We guarantee that a dish made up of pantry staples won’t disappoint in flavor or quality. Case in point: this creamy white bean and tuna salad. Here, cooked white beans and rich, flaky oil-packed ventresca (tuna belly) are amplified by ingredients like briny vinegar, pungent red onions, fruity olive oil, fresh parsley, and plenty of freshly ground black pepper. This hearty but light salad requires only about five minutes of work, making it a low-effort, warm-weather meal that’s as filling as it is delicious.
For a quick no-cook snack or appetizer, try these light summer rolls. Dip the rice paper wrapper in water before filling to make them pliable and sticky, then add juicy watermelon, crisp jicama, and bright herbs. To balance out the brightness of the wraps, dip them in a rich and funky dressing made with creamy coconut and fish sauce.
When tomatoes are in peak season, one of our favorite ways to show them off is in this simple no-cook salad. The Italian tonnato sauce combines oil-packed tuna, mayonnaise, and fresh tomatoes, mimicking the flavors of a classic tuna sandwich. To balance out the sweet acidity of the summer tomatoes, we add spicy Calabrian chilies and nutty toasted black sesame seeds. The result is a salad that's full of flavor and also happens to be easy on the eyes.
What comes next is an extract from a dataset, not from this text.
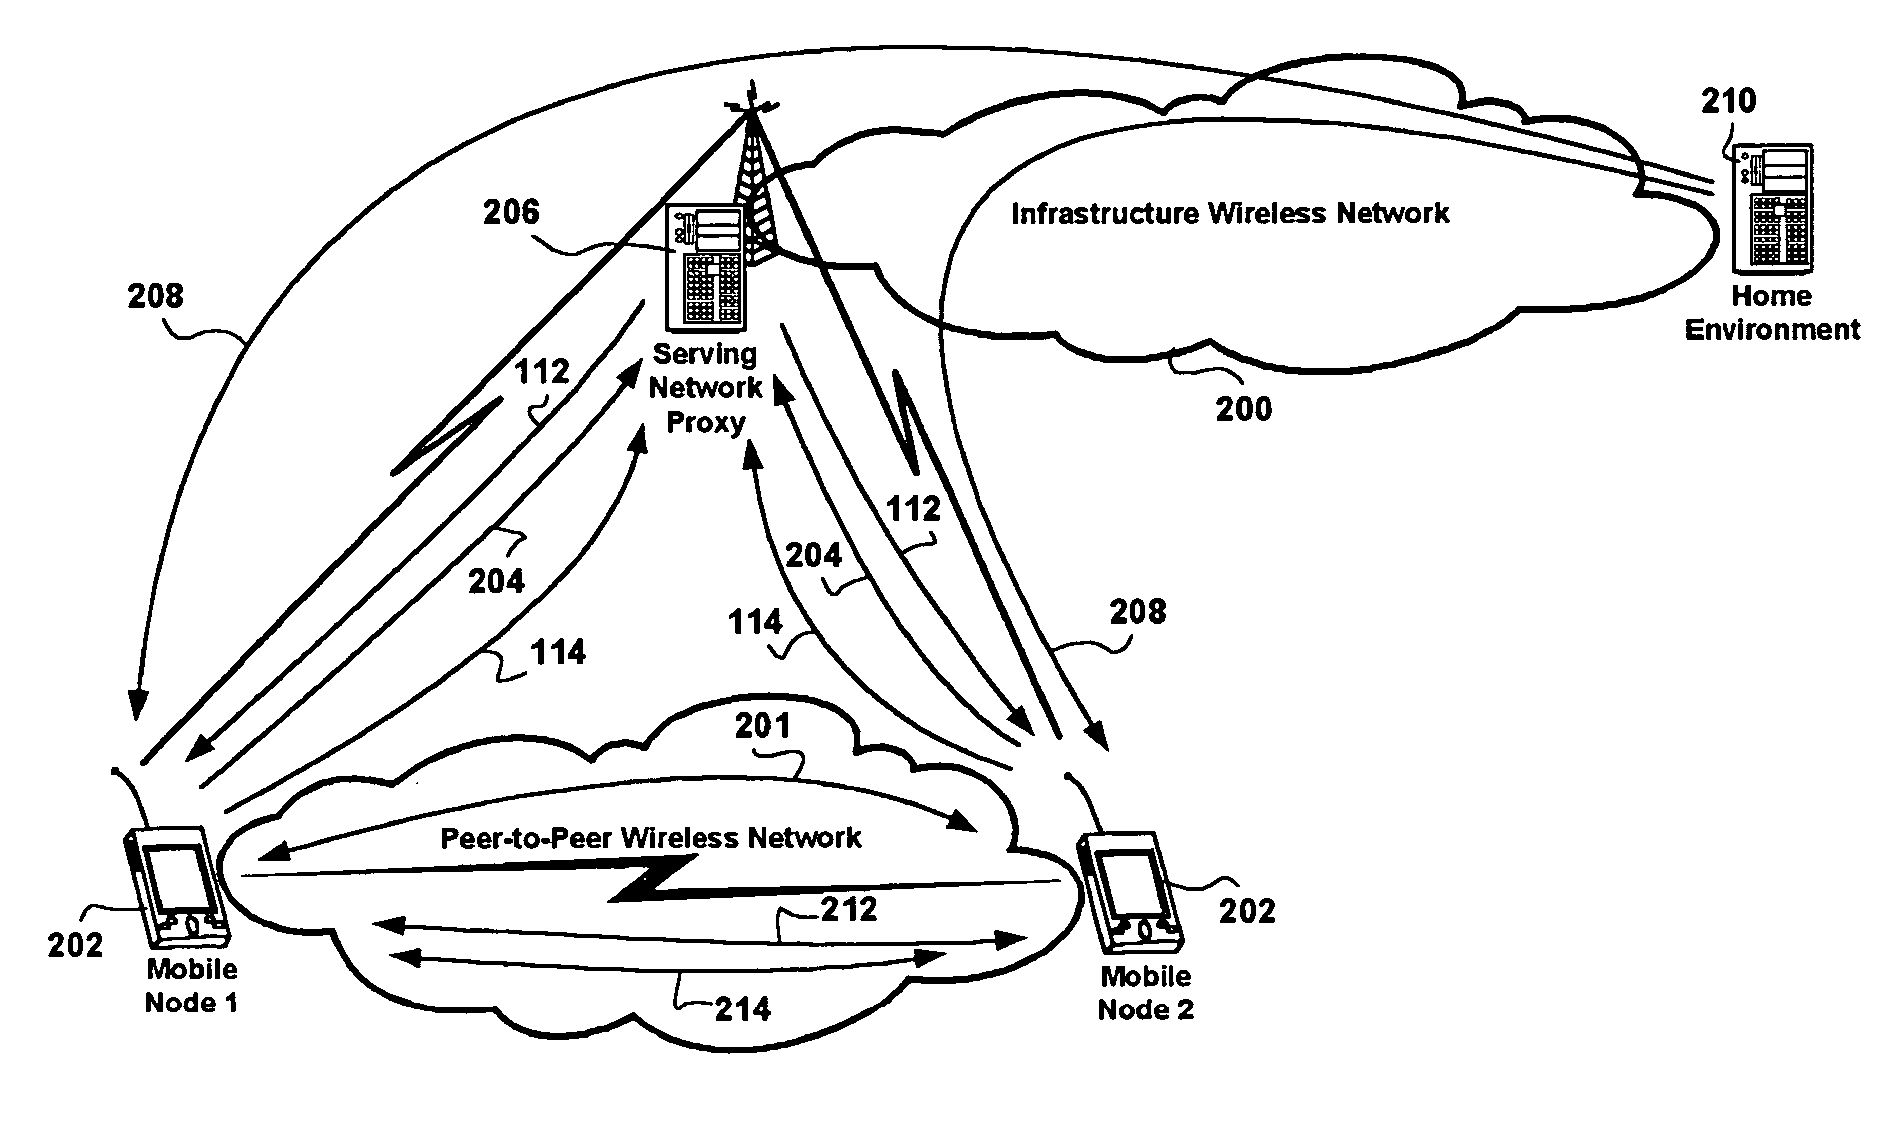 Method of authenticating a mobile network node in establishing a peer-to-peer secure context between a pair of communicating mobile network nodes

Since shiso is a member of the mint family, we like to use it for a refreshing change of pace to summer salads. Its grassy, peppery, and slightly bitter notes make it the perfect counterpart to sweet raw corn, spicy radishes, tangy feta cheese, juicy tomatoes, and crisp sliced cucumbers. The shiso is what makes this salad special, so the rest of the ingredients and proportions are really up to you.
This recipe adds a twist to the classic gazpacho flavors of tomato, cucumber, and onion with the addition of juicy watermelon. Calabrian chili–spiked crema adds richness and a touch of heat while toasted almonds in place of the traditional bread keep things light, nutty, and creamy. It all comes together with the help of a blender, making it a satisfying no-cook meal that’s perfect for summer.
Sashimi-style fish slices meet the spicy, citrusy flavors of ceviche in this Peruvian and Japanese fusion dish. A wide variety of fish will work here, such as salmon, yellowtail, fluke, or corvina. The yellow aji amarillo chili peppers, ginger, garlic, fresh lime juice, and cilantro make up the chili-citrus sauce, which can be prepared with a blender. Once the sauce is spooned on top of the fish, you’re left with a bright dish that will fulfill any sushi cravings.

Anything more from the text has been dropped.